Although some millennials are still finding ways to make a difference by becoming more nonpartisan — a step away from direct electoral politics — others are choosing to divest altogether. 

“I felt the process of begging public officials to do their jobs to support the community they represented was the first big blow to my support for politicians,” says actress and educator Aurica Hurst, 31, a community organizer who regularly attended City Council meetings. She says she’s shifted her organizing strategies to encourage mutual aid projects and citizen rights advocacy: “I believe in teaching the youth to challenge the status quo.”

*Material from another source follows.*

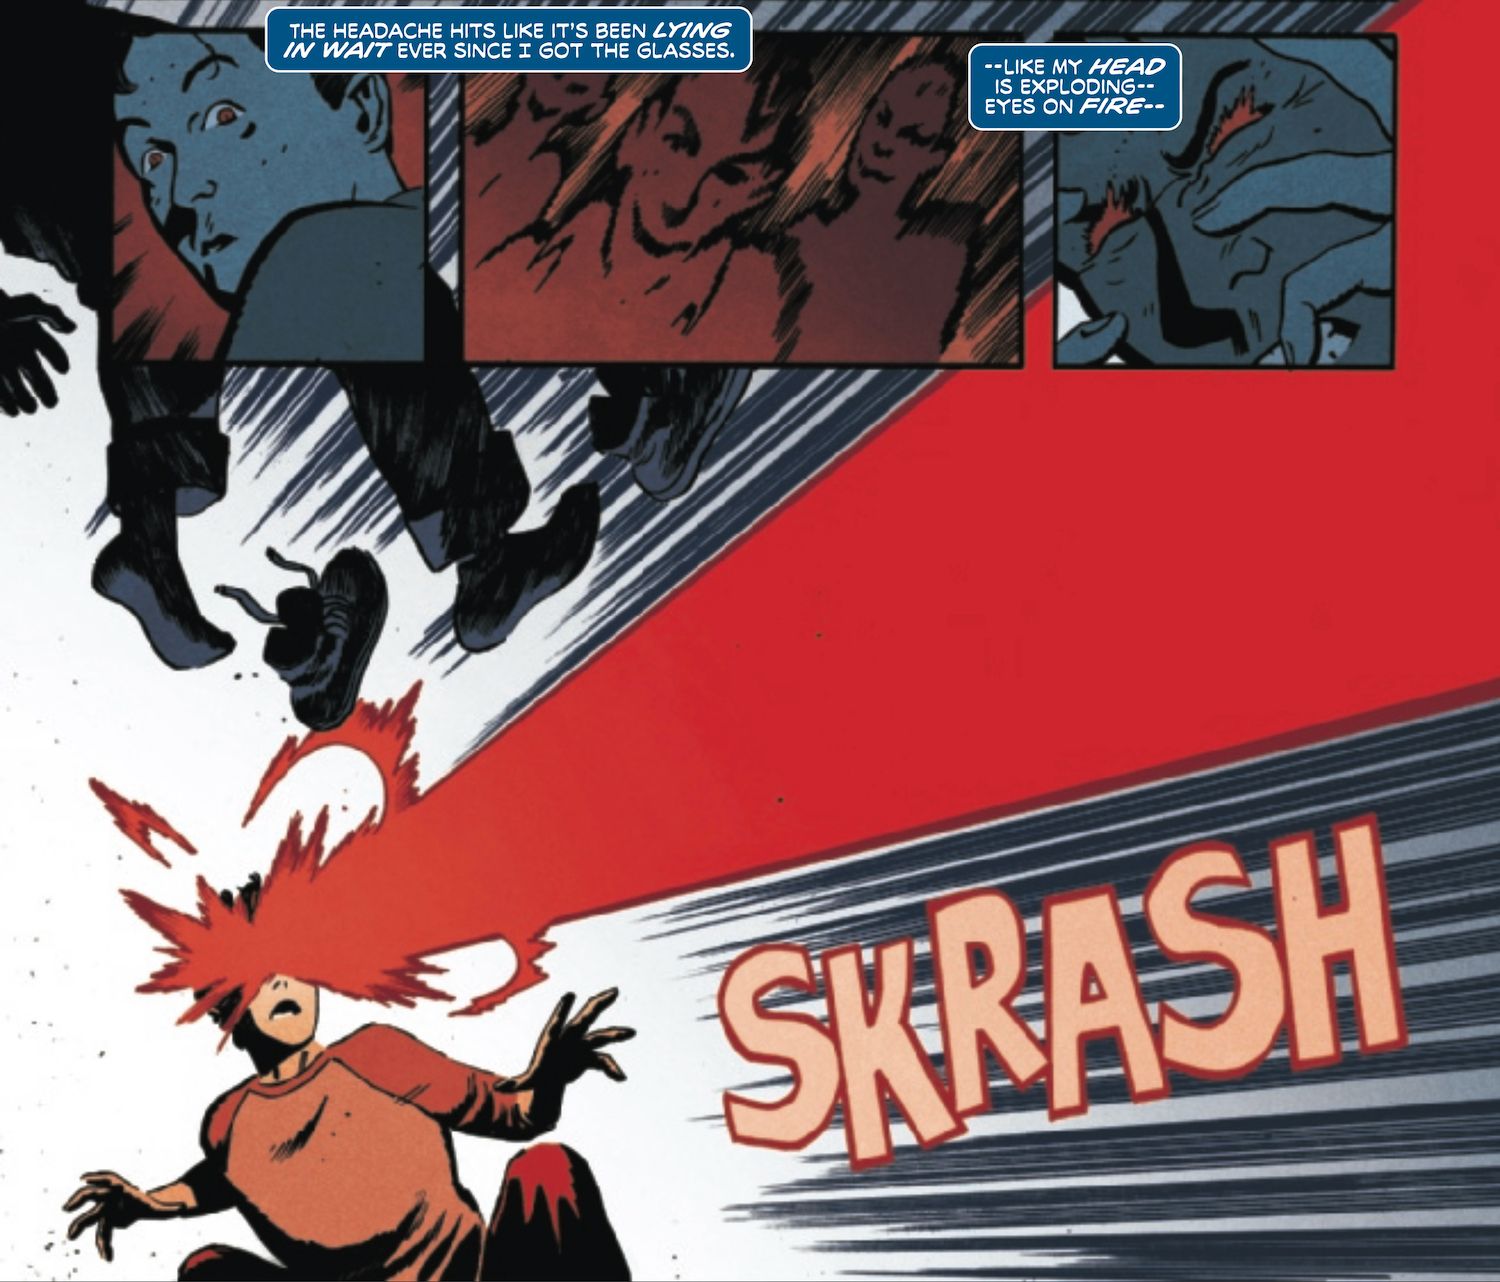 Cyclops shoots optical blasts in a comic.

As I reflect on my own journey of finding meaning outside of electoral politics, I’ve also found more optimism (and solace) in decentering politicians. Although I’ve never missed a chance to cast a vote since I was first able to in 2010 — and plan to never stop voting — my days of waiting for leaders to step up to the plate and save the day are over. In a town where I’ve seen everyday­ citizens like COVID physician/hero Ala Stanford, sanitation worker Terrill “Ya Fav Trashman” Haigler, and the late housing activist Jennifer Bennetch outdo city government in caring for our most marginalized, I’d love for my generation to invest its energy and dollars in civic efforts like those rather than political campaigns. 

In times like this, I’m reminded of Black writer and civil rights activist Audre Lorde’s famous words: “For the master’s tools will never dismantle the master’s house. They may allow us temporarily to beat him at his own game, but they will never enable us to bring about genuine change.”

Politicians, I’m realizing, are simply masters. We must mobilize beyond their politics to invoke real, genuine change. Rather than trying to “be the change” electorally, just keep doing the damn thing. The change will follow. 

 

Published as “Confessions of a Jaded Millenial” in the June 2022 issue of Philadelphia magazine.